Opinion is divided as to whether the television show translates well to a live performance, but one would imagine that after doing the same sketches (and ones already seen on television) for months on end, the creators, as well as the audiences, might start to tire of them.
Walliams was criticised by the Bishop of Motherwell, Joe Devine, after the comedian referred to the town as a “shithole” during a live version of Little Britain staged at Glasgow’s Clyde Auditorium: “This is an insulting and offensive remark. The quality of Motherwell is about the character and the calibre of people who live there.”
Matt Baylis, television writer for the Daily Express and Star, believes the show wasn’t that clever in the first place.
“My argument is it was never that great, it was a bit more of an emperor’s new clothes situation in that something new came along. It did have the odd funny sketch in there and everyone raved about it,” he says.

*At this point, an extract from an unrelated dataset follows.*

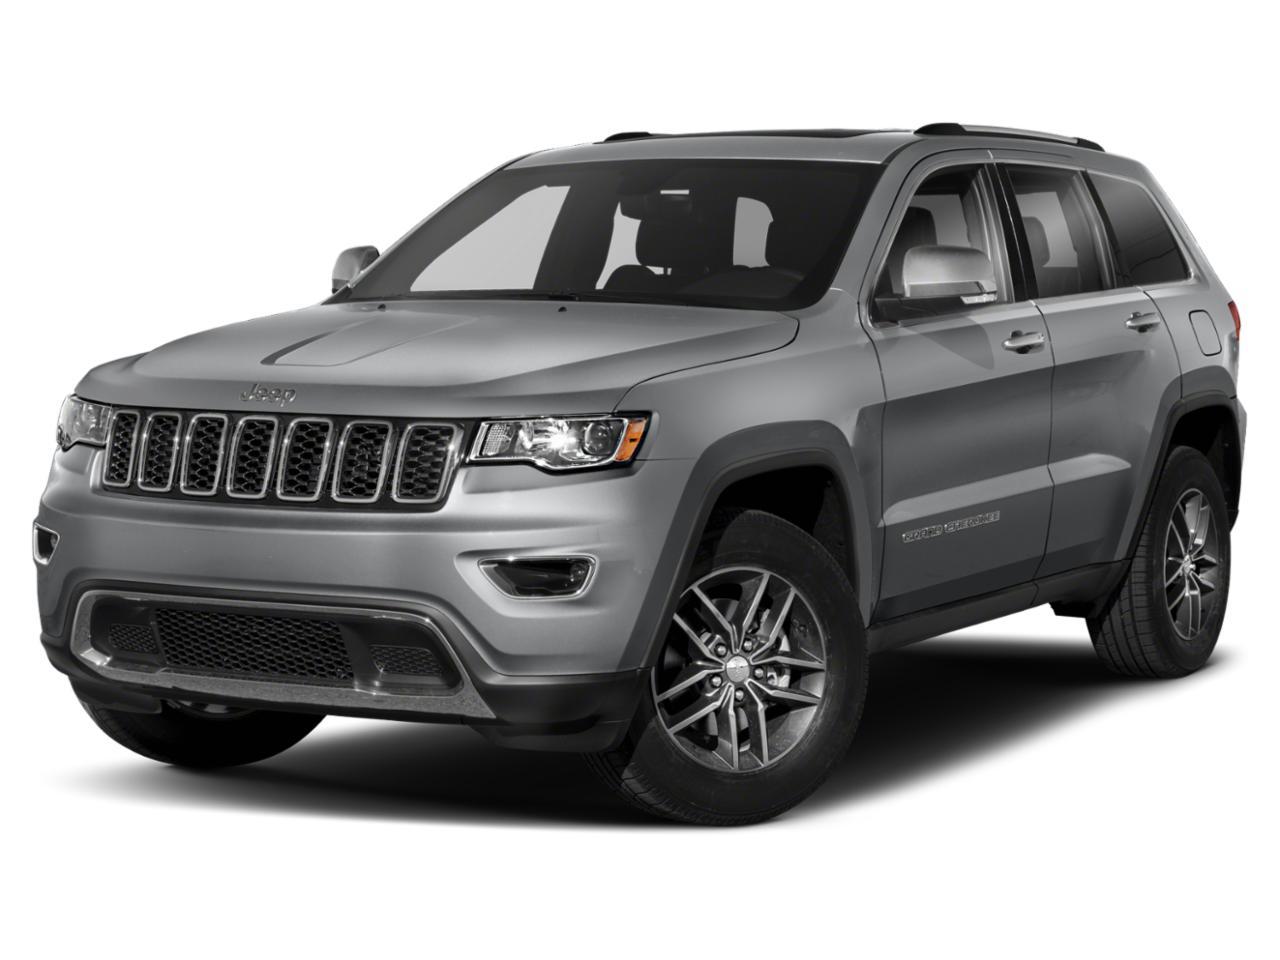 2019 Jeep Grand Cherokee Vehicle Photo in Nashua, NH 03060

“Looking back, I realise there never were more than one or two funny sketches per episode that I actually enjoyed. The more it goes on, the more people are going to realise it was never really that brilliant.”

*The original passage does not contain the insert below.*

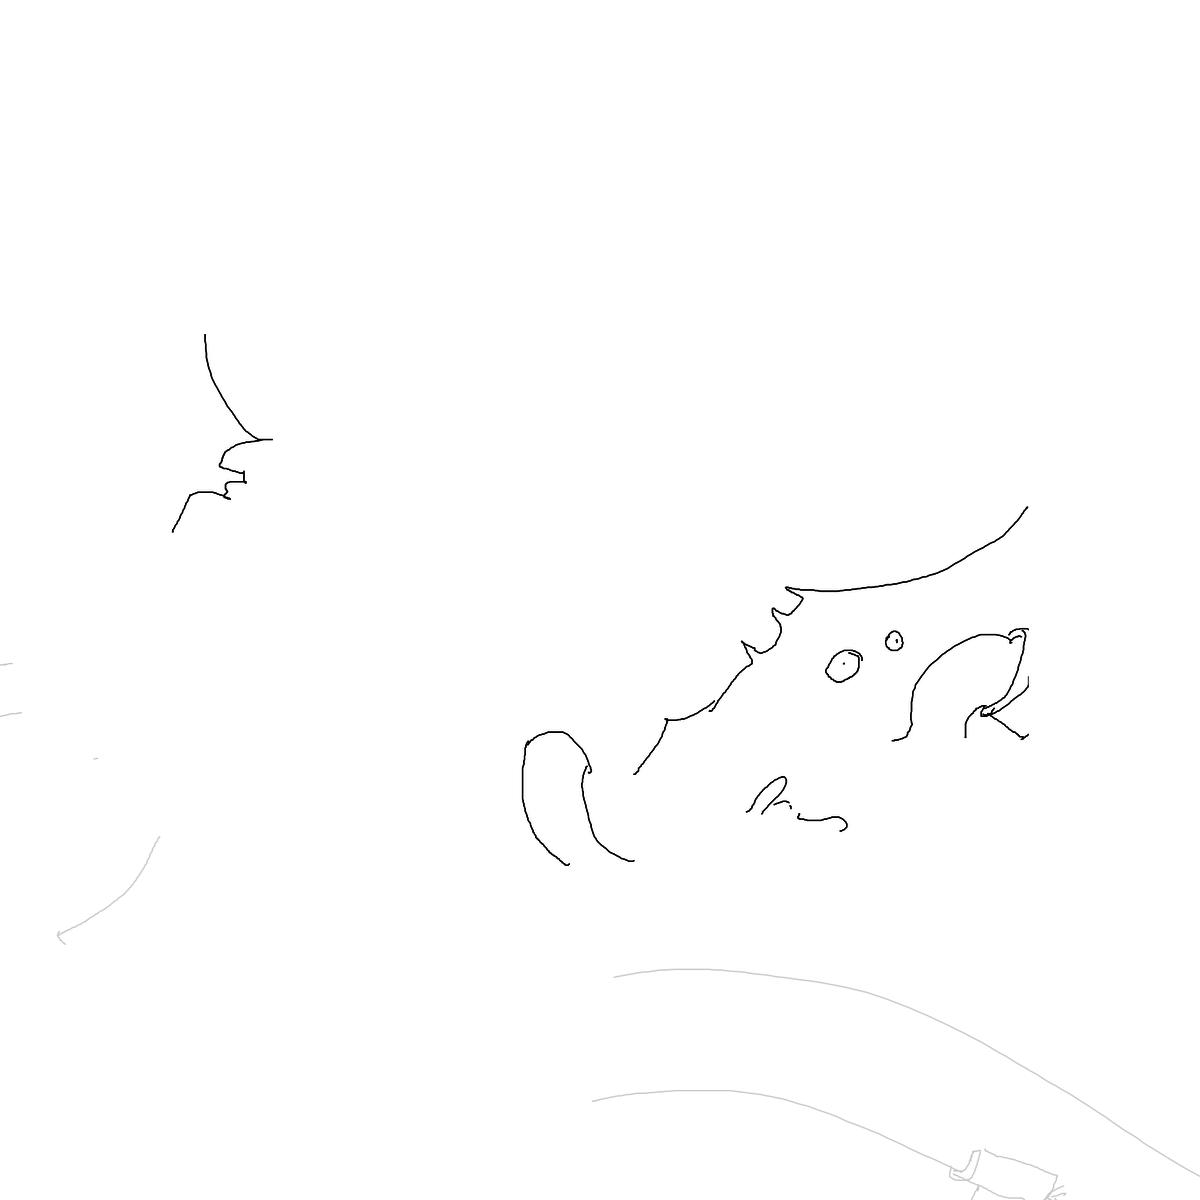 BAAAM drawing#22111 lat:78.4174575805664000lng: -4.4292011260986330

Baylis doesn’t believe that the huge ratings figures indicate undying loyalty to a show either: “The fact is people tune in to EastEnders even though they are all unified in their view that it is a load of crap. It’s like a football team: people will follow them even if they are doing terribly. So they stick to their viewing habits,” he says.

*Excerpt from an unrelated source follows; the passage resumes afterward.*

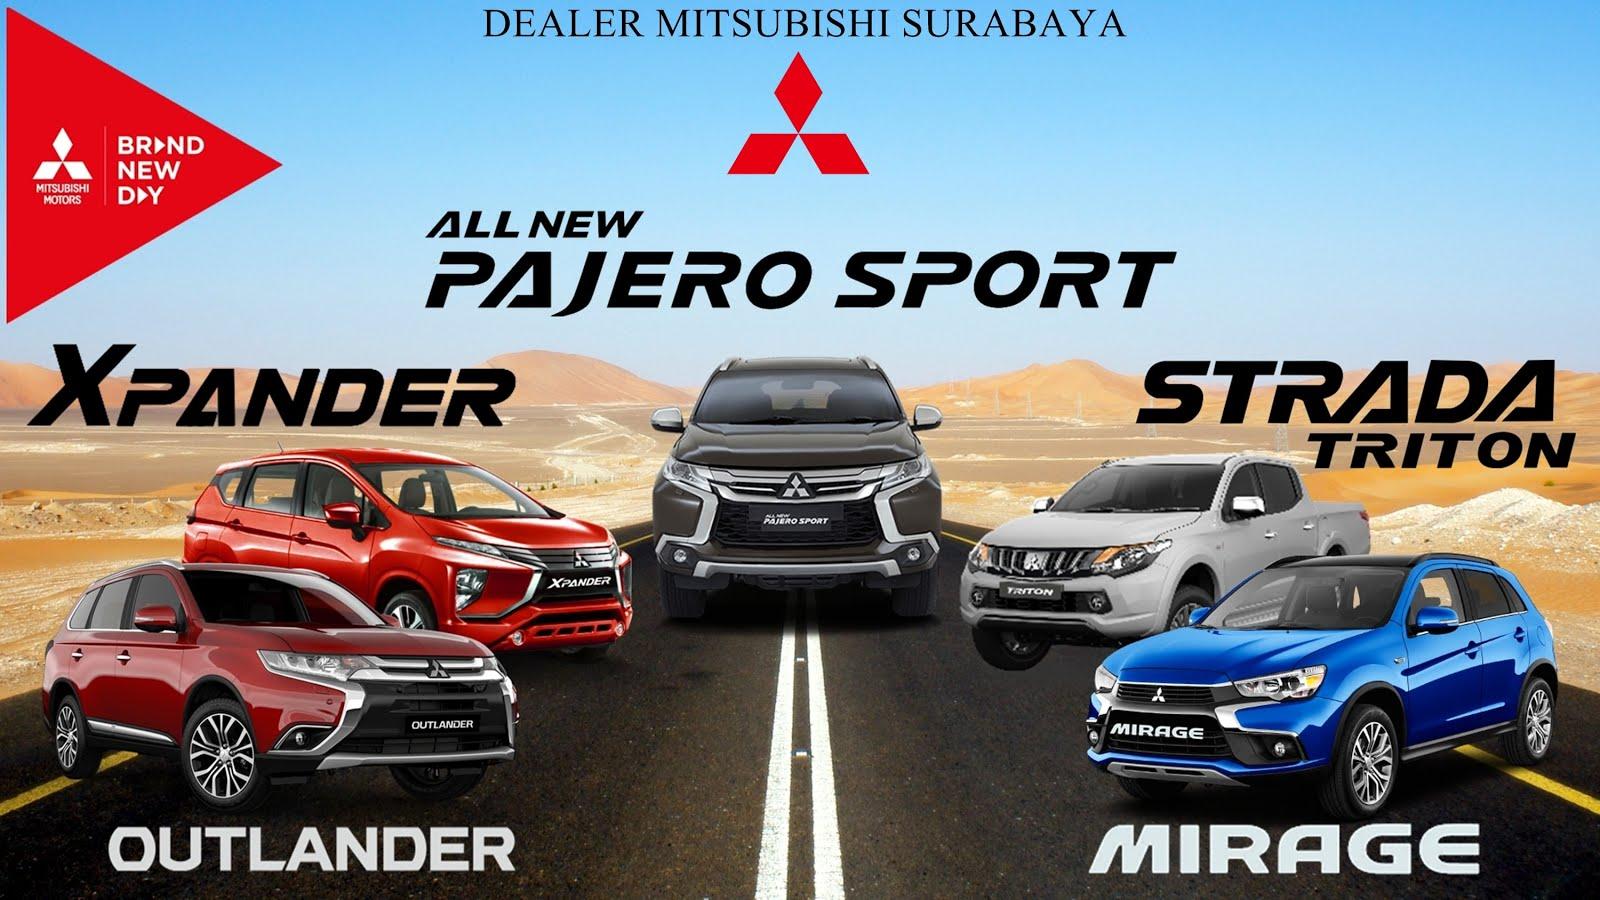 Dealer Mitsubishi Surabaya | 0812 3378 3568 | Harga Promo Mitsubishi

The Express and the Guardian are not alone in their criticism of the new show. The Scotsman’s television critic Robert McNeil, after initially welcoming the show’s return described watching an entire episode as “unbearably boring”, and the Independent’s Robert Hanks asked: “Has any comedy been so desperate to offend its audience?” Mick Humes, writing in the Times, said the show was “less cutting-edge comedy than comic conformism” and declared he’d rather be watching a video of Bernard Manning.
Despite the almost unanimous lukewarm reception among TV industry watchers and critics, public relations expert Mark Borkowski believes their collective appetite for forensic criticism may have been whetted by the hype preceding the launch of the latest series.
“The critics are in a sense baited by that,” he says, “and they look at the show with a much more critical and sharper eye – it’s almost as if they say, ‘Ok, if you’re so funny, come and make me laugh then.”
However, Borkowski believes a backlash will fail to make a dent in the show’s popularity. “It is such a brand now. Critics talk to the cognoscenti, they don’t talk to the street. I have a nine and a 10-year-old who watch it – obviously I’m careful about what they watch – and they have friends who can recite sketches word-perfect.”
With four episodes of the third series left to go, it is uncertain whether Little Britain will emerge for a fourth trot around the block.
This Christmas, the BBC will be screening a two-part special in which Lucas and Walliams introduce their six favourite episodes from the whole run and discuss the characters closest to their hearts before a studio audience. Shelley thinks a fourth series is unlikely: “I think that will be it. Maybe a Christmas special next year too, and a Vicky Pollard movie”. The BBC says the pair’s live show schedule means there isn’t time to shoot a fourth series next year, although there will be a Christmas special for 2006. As for 2007 and a new series, the corporation says it is “simply too early to say.”